Specify the duration (in seconds) beyond which the test will timeout if no response is received from the device. The default is 120 seconds.

Measurements made by the test
Measurement Description Measurement Unit Interpretation

Is failed?

Indicates whether/not the status of this disk is Failed.

 

This measure reports a value Yes if the status of the disk is Failed and No if otherwise.

The values that this measure can report and their corresponding numeric values have been listed in the table below.

Measure Value Numeric Value
Yes 1
No 0

Note:

By default, this measure reports the above-mentioned Measure Values while indicating whether the status of this disk is Failed or not. However, in the graph of this measure, Measure Values will be represented using the corresponding numeric equivalents i.e., 0 or 1.

Is offline?

Indicates whether/not the status of this disk is Offline.

 

This measure reports a value Yes if the disk is Offline and No if otherwise.

The values that this measure can report and their corresponding numeric values have been listed in the table below.

Measure Value Numeric Value
Yes 1
No 0

Note:

By default, this measure reports the above-mentioned Measure Values while indicating whether the status of this disk is Offline or not. However, in the graph of this measure, Measure Values will be represented using the corresponding numeric equivalents i.e., 0 or 1.

Is prefailed?

Indicates whether/not the status of this disk is Prefailed.

 

The disks that are manually failed due to excessive error logging are termed as Prefailed disks. The contents of these disks are copied into suitable replacement disks i.e., the spare disks available in the storage system.

This measure reports a value Yes if the status of the disk is Prefailed and No if otherwise.

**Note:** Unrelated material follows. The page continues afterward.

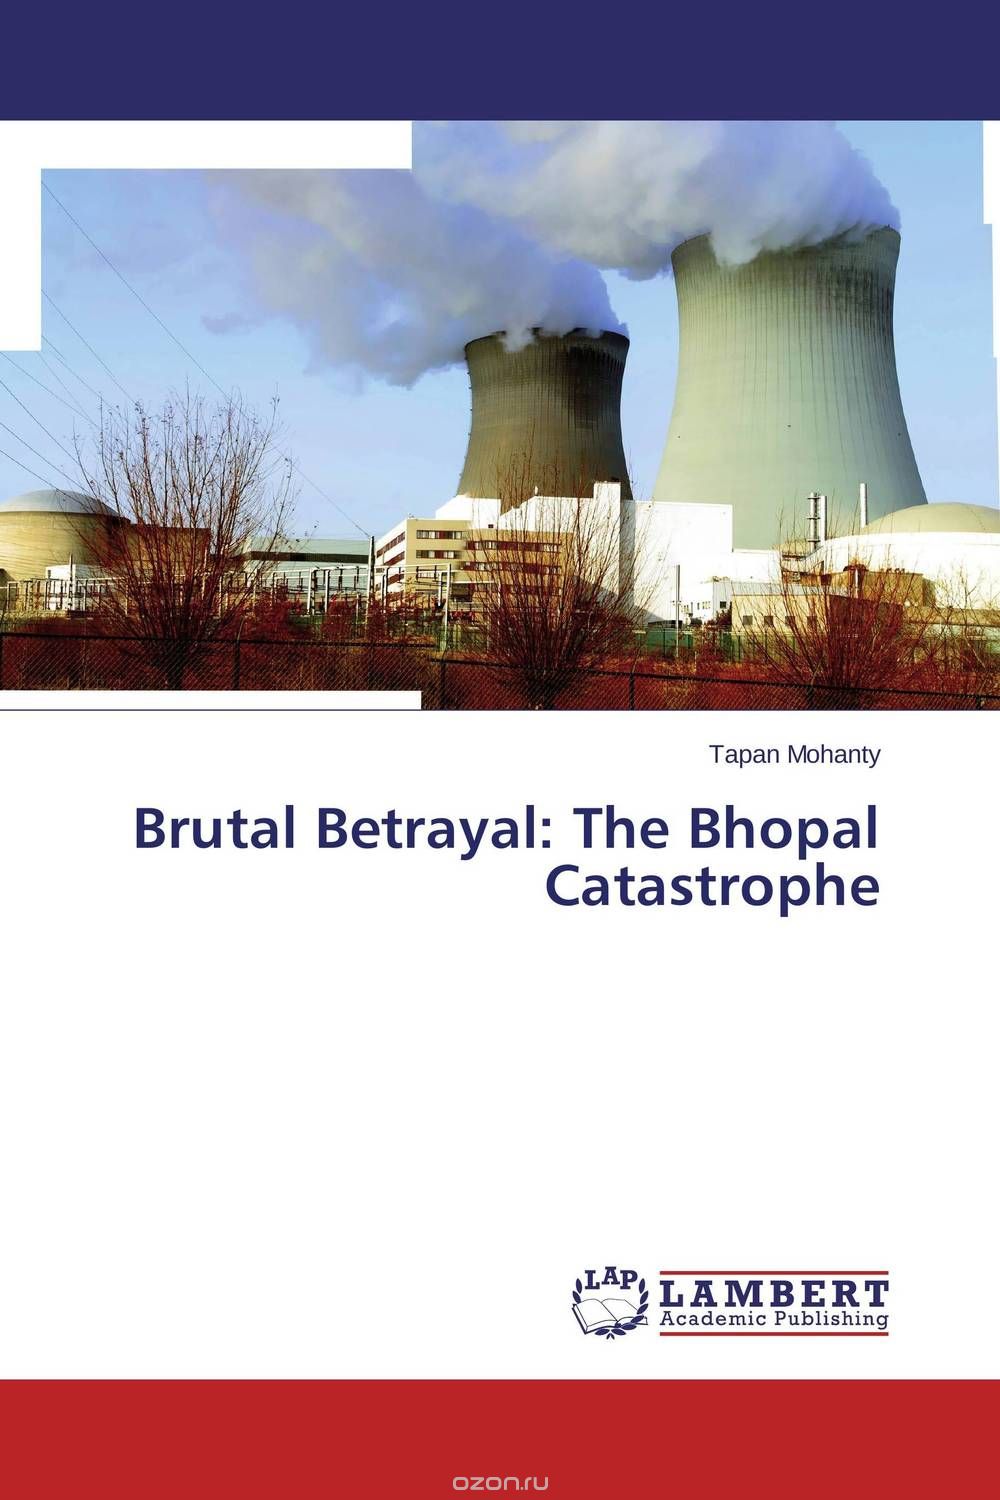 Brutal Betrayal: The Bhopal Catastrophe

The values that this measure can report and their corresponding numeric values have been listed in the table below.

Measure Value Numeric Value
Yes 1
No 0

Note:

By default, this measure reports the above-mentioned Measure Values while indicating whether the status of the disk is Prefailed or not. However, in the graph of this measure, Measure Values will be represented using the corresponding numeric equivalents i.e., 0 or 1.

Is reconstructing?

Indicates whether/not the status of this disk is Reconstructing.

 

This measure reports a value Yes if the status of the disk is Reconstructing and No if otherwise.

The values that this measure can report and their corresponding numeric values have been listed in the table below.

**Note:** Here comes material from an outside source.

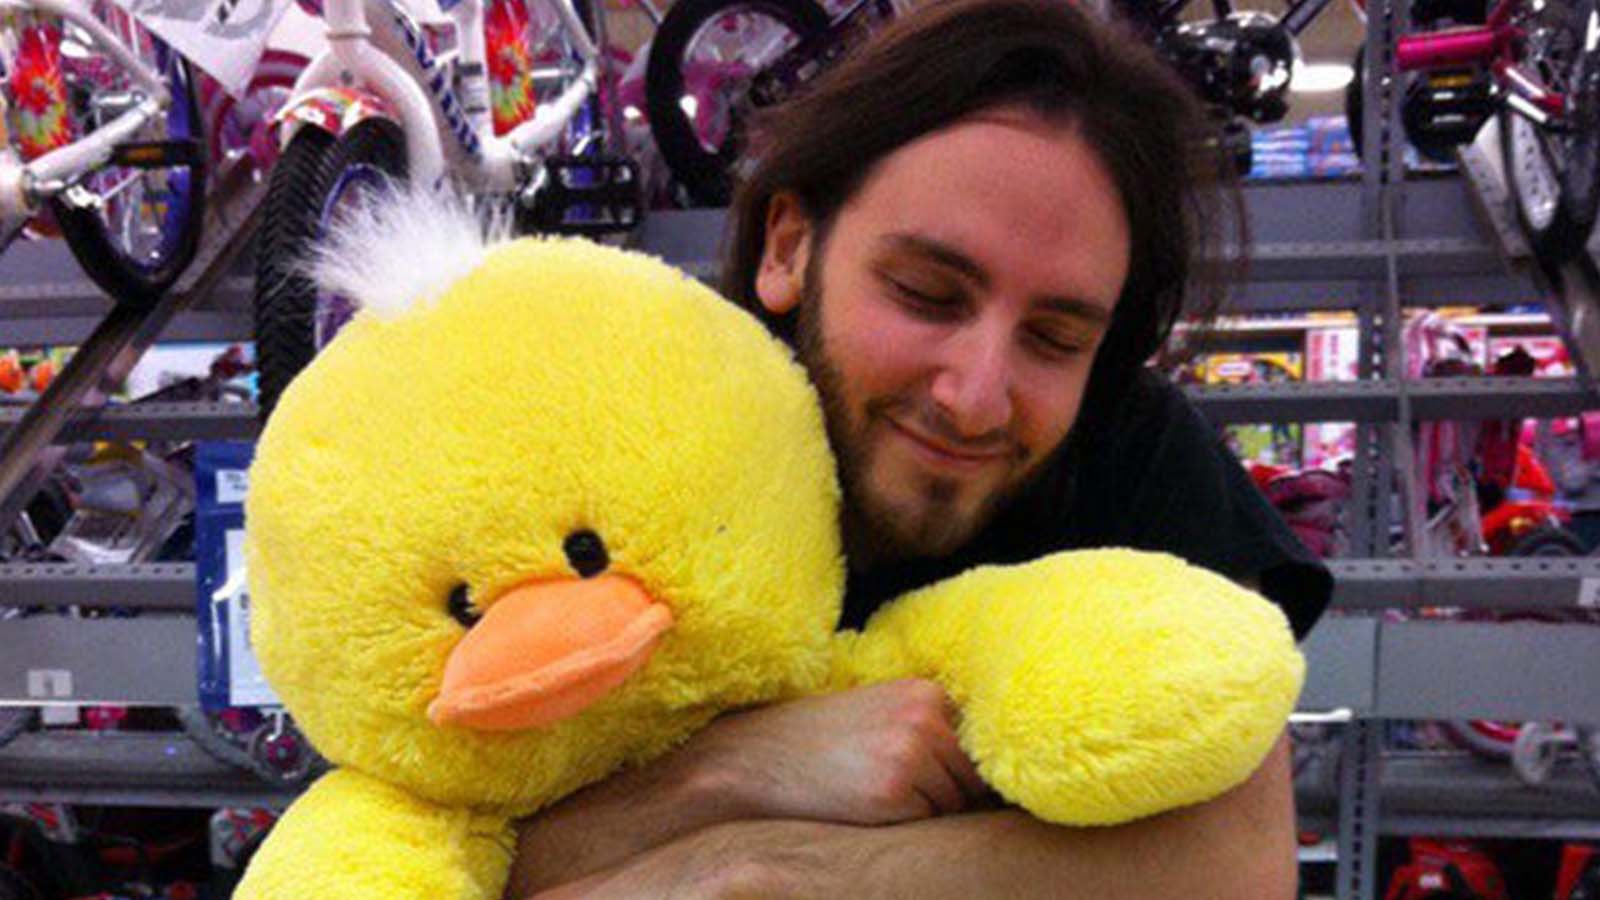 reckful holding his duck at the store

Measure Value Numeric Value
Yes 1
No 0

Note:

By default, this measure reports the above-mentioned Measure Values while indicating whether the status of this disk is Reconstructing or not. However, in the graph of this measure, Measure Values will be represented using the corresponding numeric equivalents i.e., 0 or 1.

Is replacing?

Indicates whether/not the status of the disk is Replacing.

 

Mismatched disks that are part of an aggregate can be replaced with a more suitable spare disk without disrupting the data service. This process uses the Rapid RAID Recovery process to copy the data from the disk being replaced to a specified spare disk. Frequently replacing the disks will lead to the system degradation. Therefore, the frequent replacement of the disks needs to be avoided by proper initial configuration.

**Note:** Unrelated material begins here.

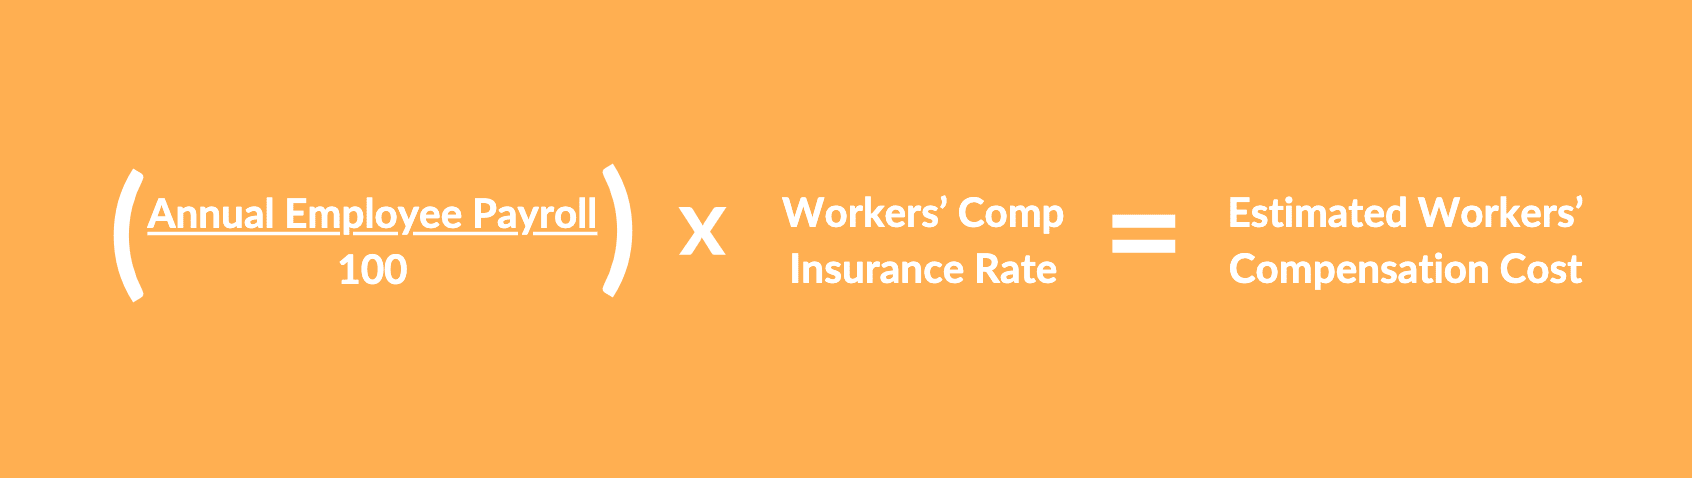 How to calculate workers compensation cost per employee

This measure reports a value Yes if the status of the disk is Replacing and No if otherwise.

The values that this measure can report and their corresponding numeric values have been listed in the table below.

Measure Value Numeric Value
Yes 1
No 0

Note:

By default, this measure reports the above-mentioned Measure Values while indicating whether this disk is a replacing disk or not. However, in the graph of this measure, Measure Values will be represented using the corresponding numeric equivalents i.e., 0 or 1.